2) Leads to Post-Mortem of Past Events: Control leads to the appraisal of past activities. Thus, it is looking back. The control process serves to reveal any shortfall in the performance of various individuals and departments. This is known as feedback information. It will help in knowing and understanding the reasons for poor performance. Corrective actions can be initiated based on feedback information.
3) Control is a Continuous Process: Control is not a single-step activity. Rather, it is a dynamic process that involves constant analysis of actual and planned performance and the resultant deviations as well as the revision of plans, objectives, policies, procedures, positions, incentives, etc., in the light of such deviations.
4) Purpose of Control is Positive: According to George Terry, “The function of controlling is positive – is to make things happen, i.e, to achieve the goal within stated constraints or using the planned activities” Control should never be perceived as negative or as a hindrance to achieving objectives. Rather, controlling is an important and necessary managerial function that is a help instead of a hindrance.
5) Controlling is an Exercise at all Levels in the Management Hierarchy: Control is a function of every manager from the chairman and managing director to a supervisor, though it may vary in scope among managers. For example, the top managers are concerned with administrative control, which is exercised through broad plans, policies, and other directives. The middle-level managers are concerned with the executor control to get the plans, policies, and programmes executed. At the lower level. supervisors exercise operational control to ensure the successful performing of actual operations or production activities through their close monitoring.
6) Control Guides the Behaviour of People and Use of Resources and Facilities: Control guides the action and the behaviour of the people who are responsible for carrying out different activities or operation, and also guide the use of them by different organisational resources and facilities to effectively and efficiently contributing towards the accomplishment of objectives.
7) Control Measures and Evaluates Performances: Controlling involves measurements of the actual results to facilitate other evaluations or comparisons against the planned results.
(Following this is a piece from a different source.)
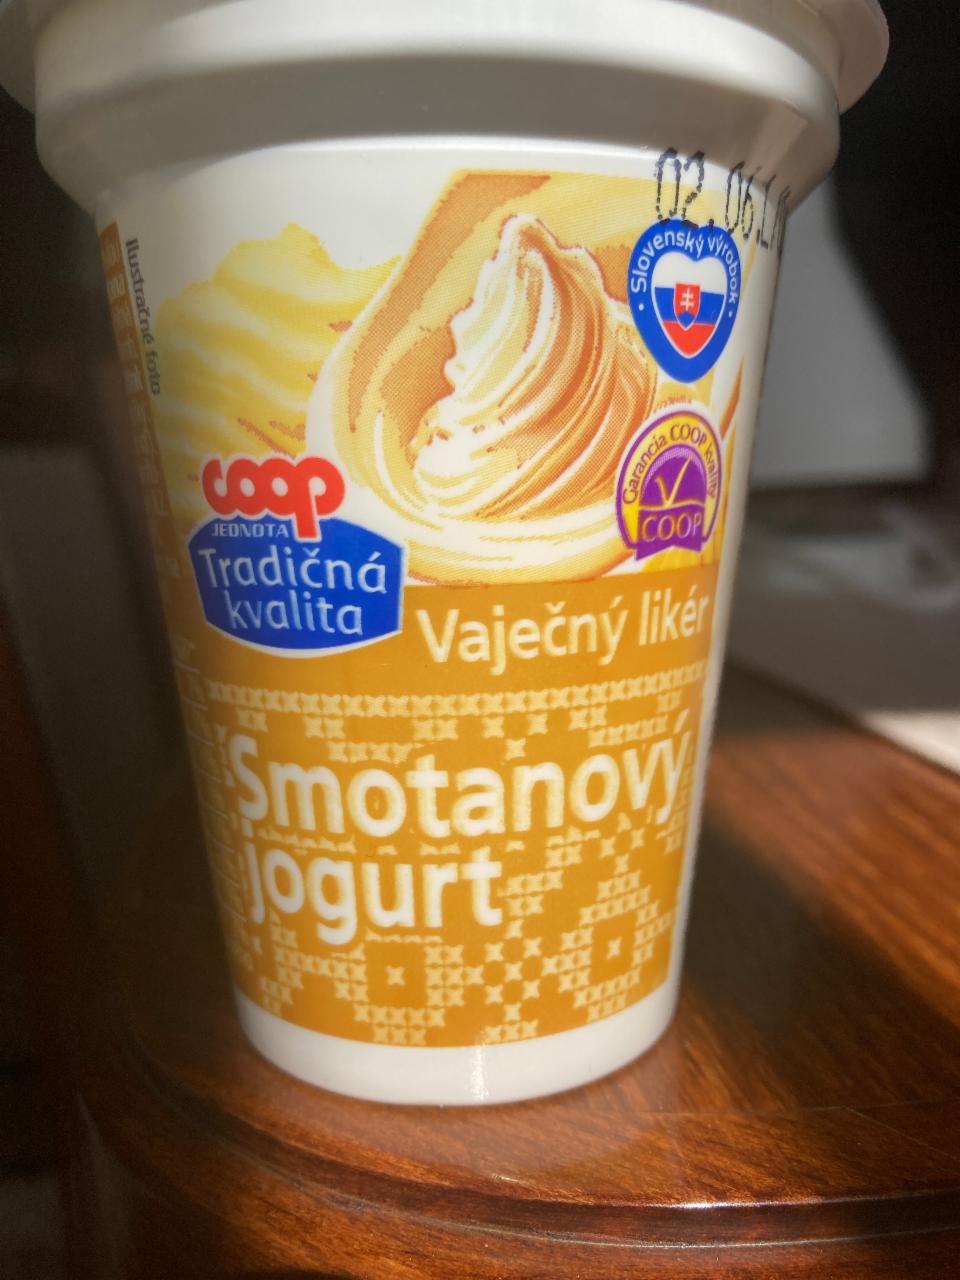 Fotografie - Smotanový jogurt Vaječný likér Coop Tradičná kvalita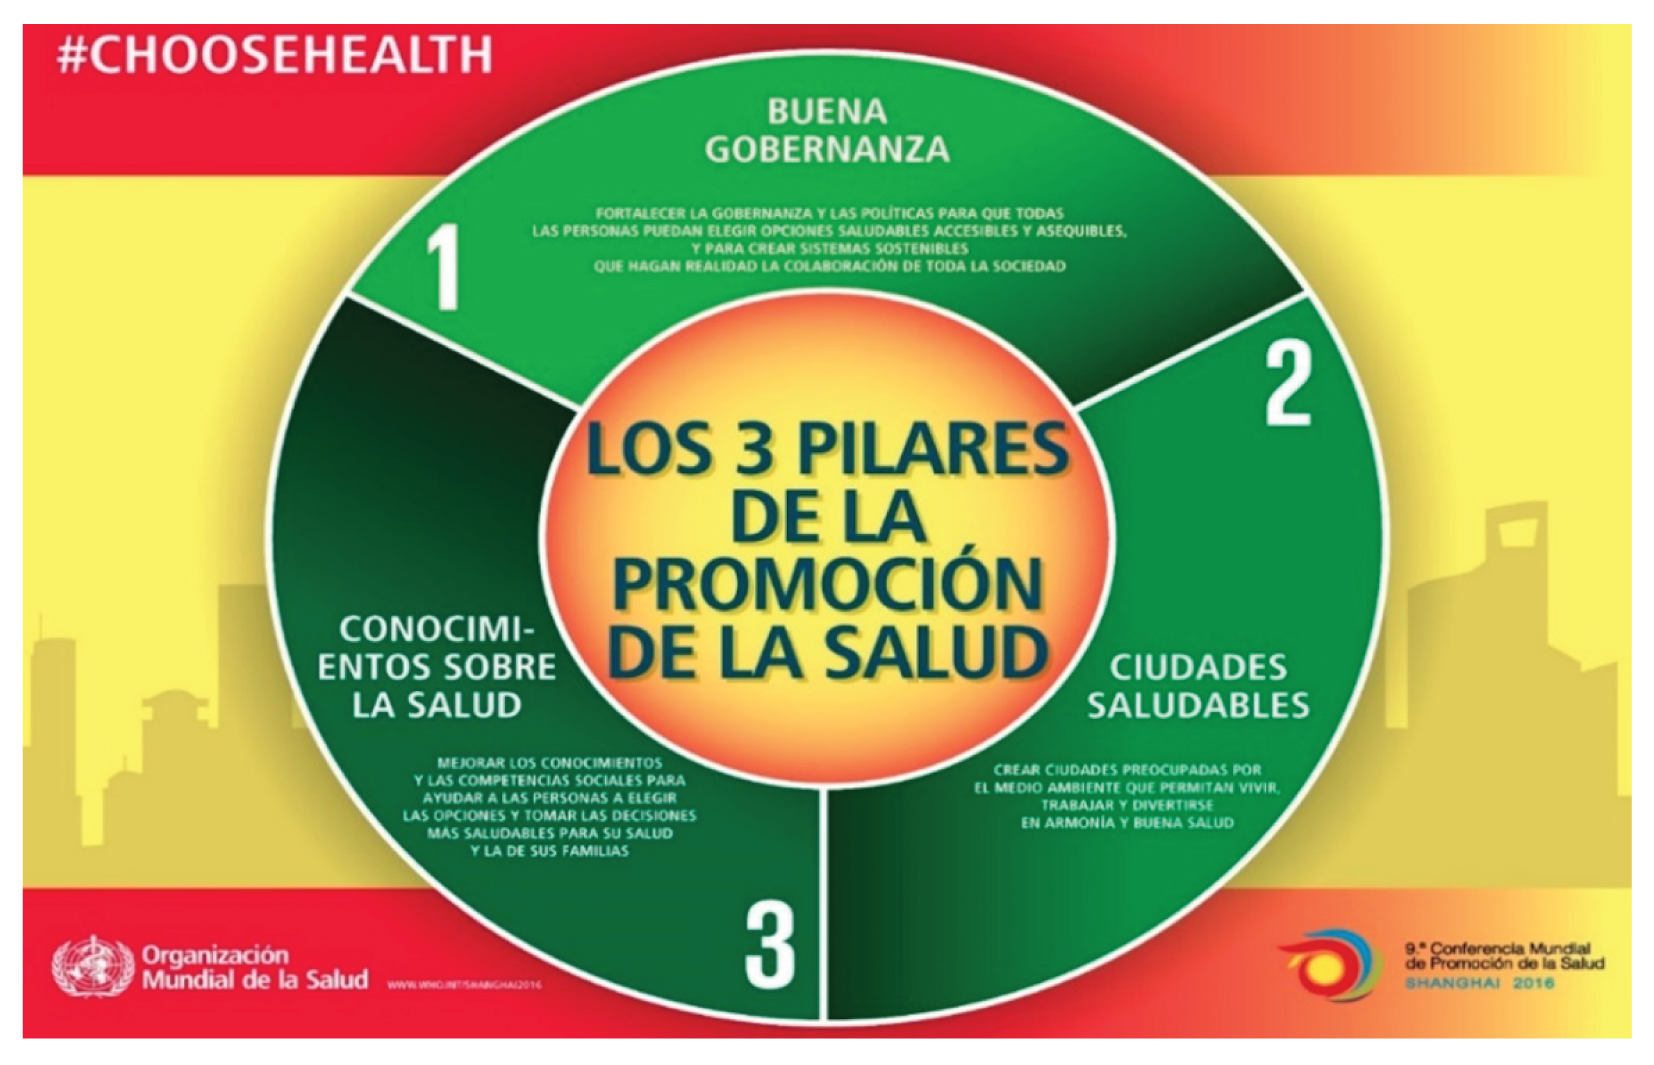 Los 3 pilares de la Promoción de la Salud

It also suggests guidelines for future courses of action.
8) Control Facilitates Coping with Environment: Effective controlling system foresees the likely changes in consumer preferences and demands and therefore guides the members of the organisation to modify the products or services to meet the anticipated needs and requirements of the consumers in the future market.
9) Control is mainly Forwarding Looking: Control mainly aims at the future because the future is ahead and the past is gone. However, the experience about the criterion for future standards, it may be noted that control may also be passed control and current control. Thus it is not fully correct to say that control is looking back.
10) Control Closely Related to Planning: Planning is the basis of controlling. Control implies the existence of certain standards or yardsticks against which actual results are to be evaluated. Planning provides such standards, if there is no plan; it means that there is no basis for control. Planning sets the course of action and controlling monitors the operation or activities to follow such course of action. Planning to initiate the process of management and control completes this process. Without a plan, control is blind because it does not know where to go and whether it is going on the right path or not.